His most significant contributions to the field have been a series of fundamental studies into the physics underlying the processes involving solid particles, liquid droplets, and gas bubbles, especially complex physical/thermal and chemical interactions between the fluid phases and solid particles. For example, his research provides critical insights into the fundamental mechanisms that drive and govern the segregation and intermixing of polydisperse particles in both gas and liquid flow systems (see e.g. AIChE J. 2017, 63: 469; Chemical Engineering Science 2016, 152: 65). His work on the instability of liquid-solid fluidisation has been highly complimented by renowned experts in the field of turbulence and fluid mechanics (e.g. Annu. Rev. Chem. Biomol. Eng. 2015, Vol. 6, on pages 347 and 366). His research findings on the self-assembly dynamics of nano-particles and the physics underlying the interaction among these nanosized particles have been widely cited by other researchers (e.g. Environ. Sci. Technol. 2011, Vol. 45, on pages 9284-9285; Environ. Sci.: Nano 2017, Vol. 4, on pages 89 and 96). His extensive research on the formation, transport and phase-change of liquid droplets in another immiscible cold liquid has led to the successful construction of a lab-scale ice slurry generator that showed capabilities of continuously generating ice particles for more than 48 hours with an inlet coolant temperature of -8oC, which was at the cutting edge of world ice slurry technology (Chin. J. Chem. Eng. 2008, 16: 552; Chemical Engineering Science 2009, 64: 1249). In recent years, Dr Peng is undertaking in-depth studies at micro- and meso-scale on the gas-liquid-solid (G-L-S) three-phase flow hydrodynamics in slurry Taylor flow based microreactors (see e.g. Chemical Engineering Journal 2020, 396, 124738; Chemical Engineering Journal 2021, 405, 126646; Chemical Engineering Science 2017, 174: 459) and on ice nucleation and freezing kinetics of droplets (see e.g. Ultrasonics Sonochemistry 2021, 70, 105301).

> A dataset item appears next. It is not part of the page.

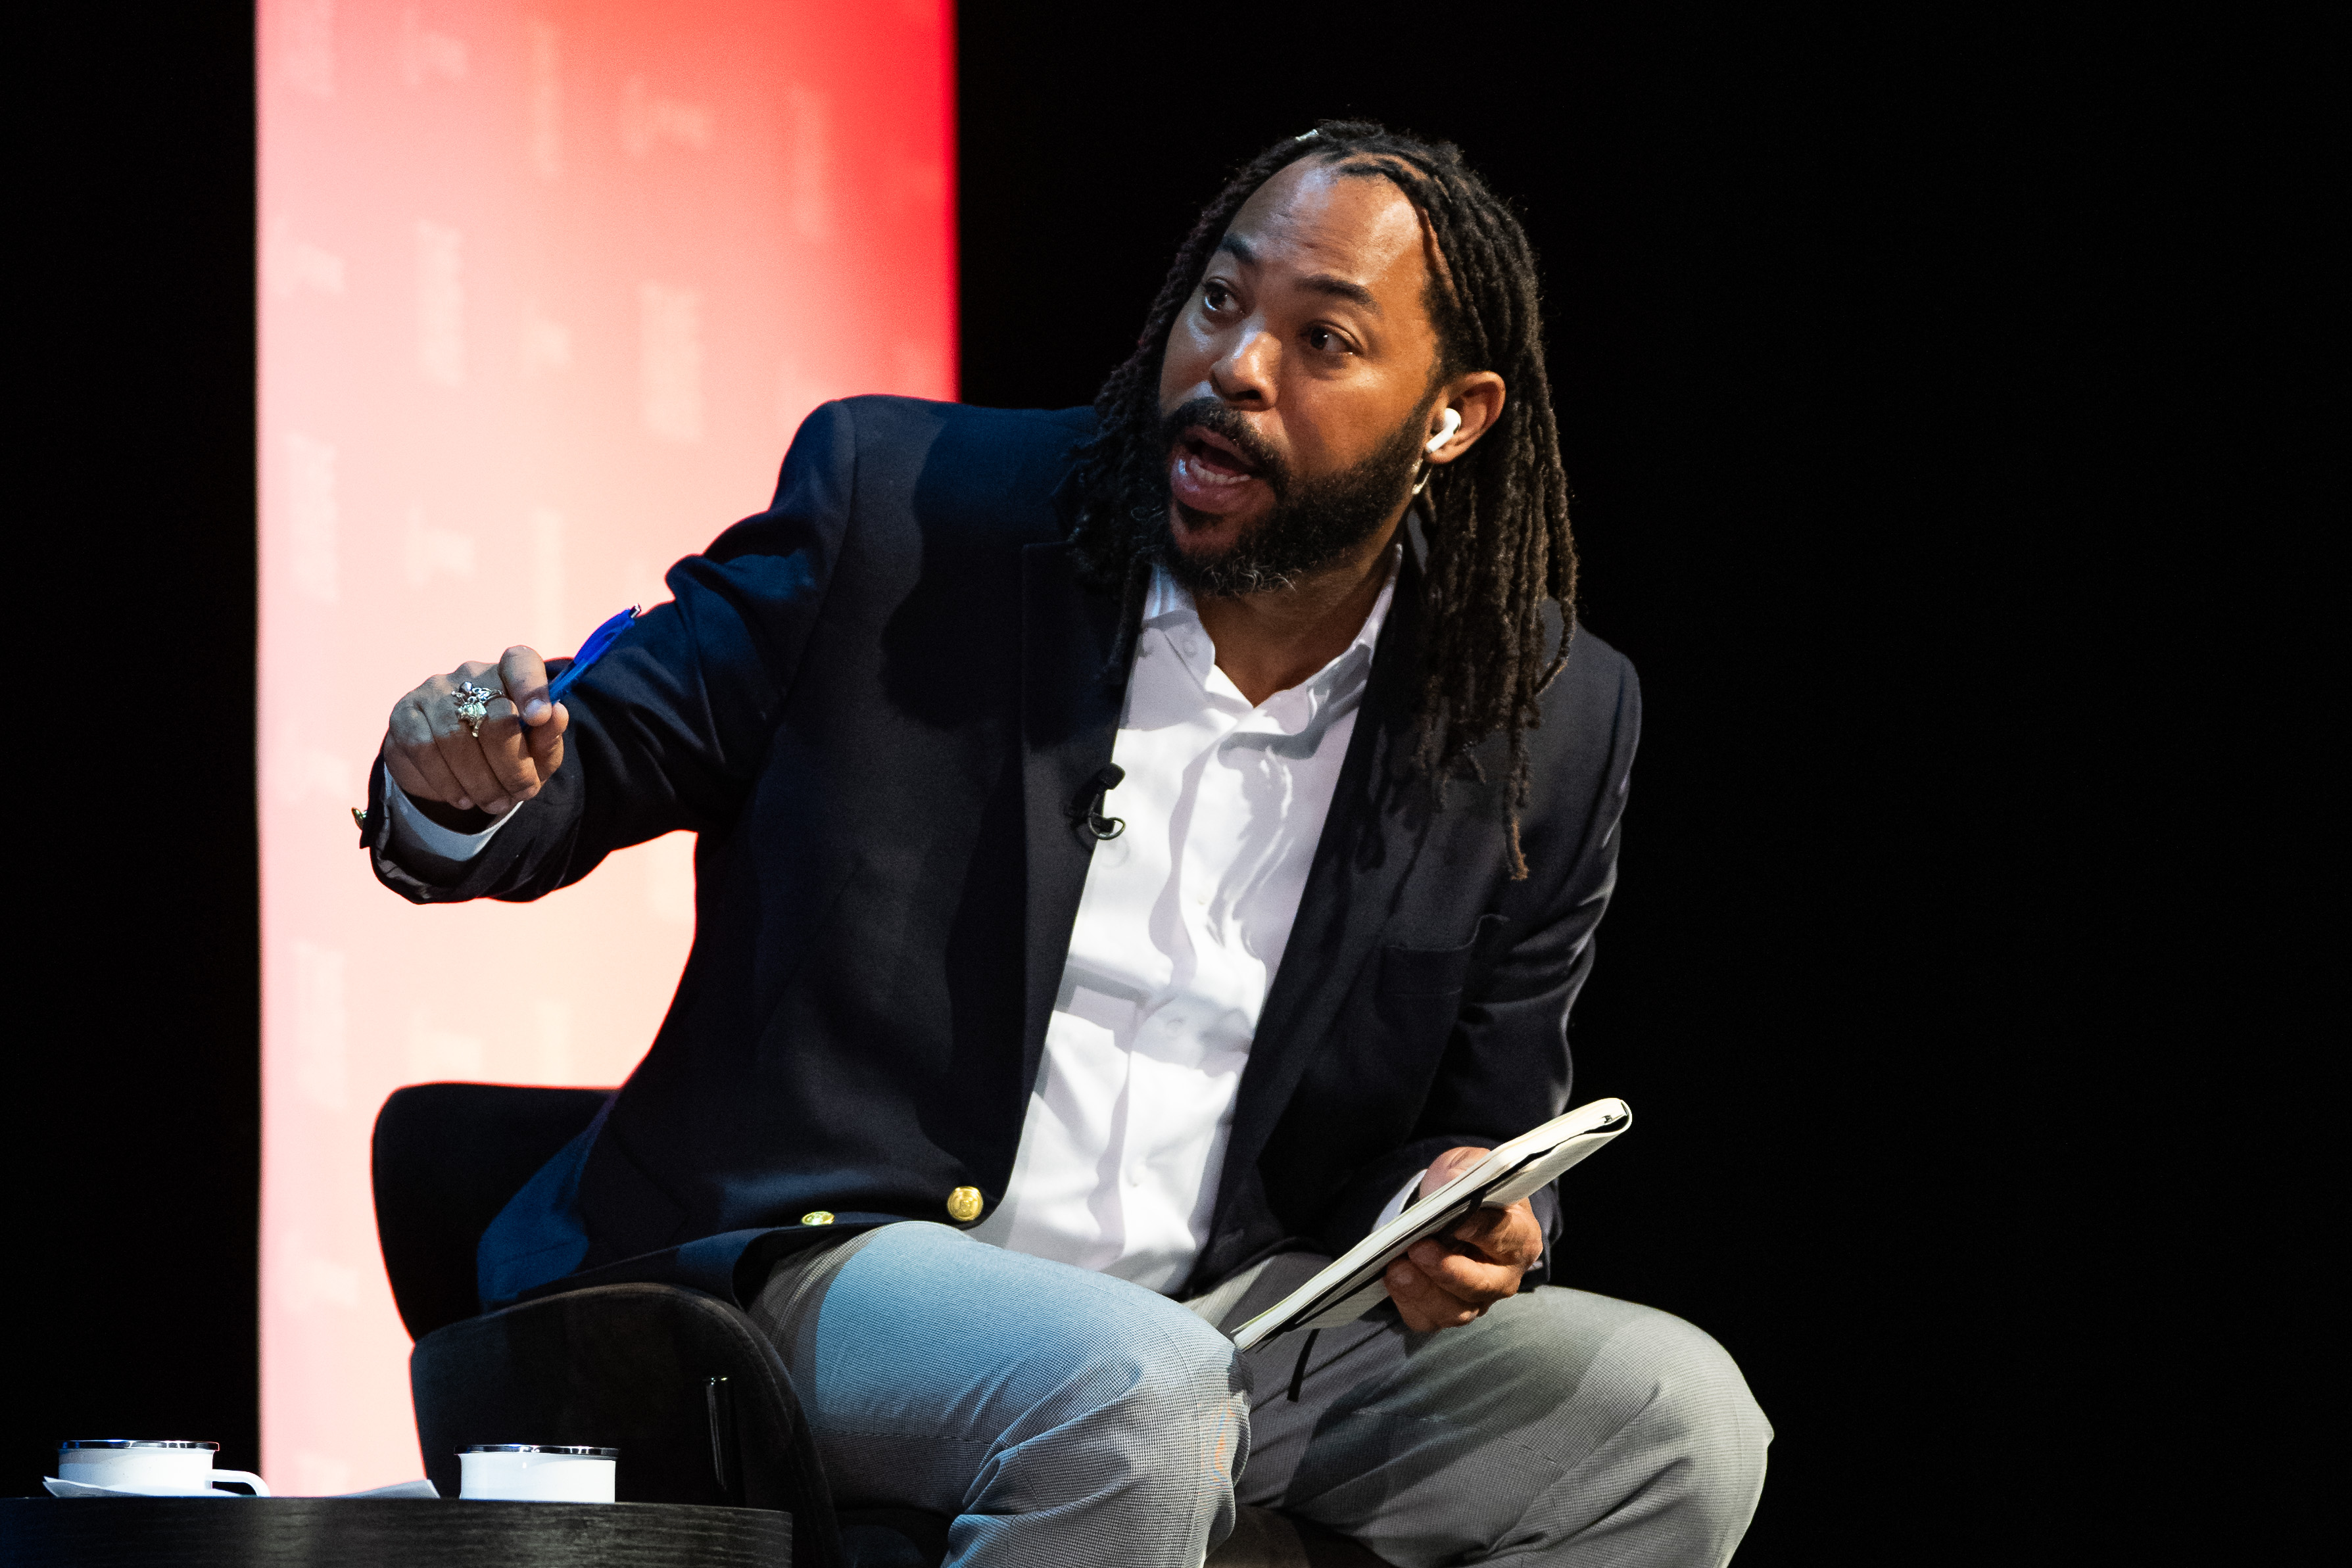 A man with dreadlocks, dressed in a dark blazer and light pants, is seated and holding a notebook. He is speaking animatedly, with a red and black backdrop behind him.

Dr Peng has successfully programmed the in-house codes of various numerical models for computer modelling of a wide range of engineering processes, including computational fluid dynamics (CFD), discrete element method (DEM), lattice Boltzmann method (LBM), direct numerical simulation (DNS), and the fully coupled versions of these models. He, for the first time, incorporated the classical DLVO theory into DEM for precisely simulating the flow dynamics of nanoparticles (Powder Technology 2010, 204: 91). He has conducted the seminal works to apply the fully coupled CFD-DEM for modelling thermal/reacting particulate systems including the large-scale chemical looping combustion system (Fuel 2018, 224: 388) and ventilation air methane abatement system (Industrial & Engineering Chemistry Research 2019, 58: 23389). His work on the dependence of model accuracy and numerical stability on cell void fraction calculation (AIChE J. 2014, 60: 2000) has addressed a critical issue in the community of CFD-DEM modelling. After publication, this work has drawn worldwide attention (cited for over 100 times prior to 2019), e.g. in the paper by the research group of Prof. John Dennis from University of Cambridge this work was acknowledged as "the first detailed analysis on the effect of cell size on model accuracy". Moreover, he has developed the fully coupled LBM-DEM which is statistical in nature and centering on physics at mesoscale. The model has been successfully applied to examine: freezing kinetics of supercooled water (International Journal of Heat and Mass Transfer 2020, 146, 118839) and detailed interaction between fluid and solid surface (Powder Technology 2020, 361: 1060). Over the last few years, Peng has led the group to develop a world-leading VOF-DEM model to fundamentally understand the complex particle-fluid interface interactions and G-L-S flow dynamics (Chemical Engineering Journal 2020, 396, 124738; Industrial & Engineering Chemistry Research 2020, 59: 7965). In 2020, Dr Peng authored a critical review of the theory underlying heat transfer modelling based on DEM in one of discipline most prestigious journals: Progress in Energy and Combustion Science (Impact factor: 28.94, 2019).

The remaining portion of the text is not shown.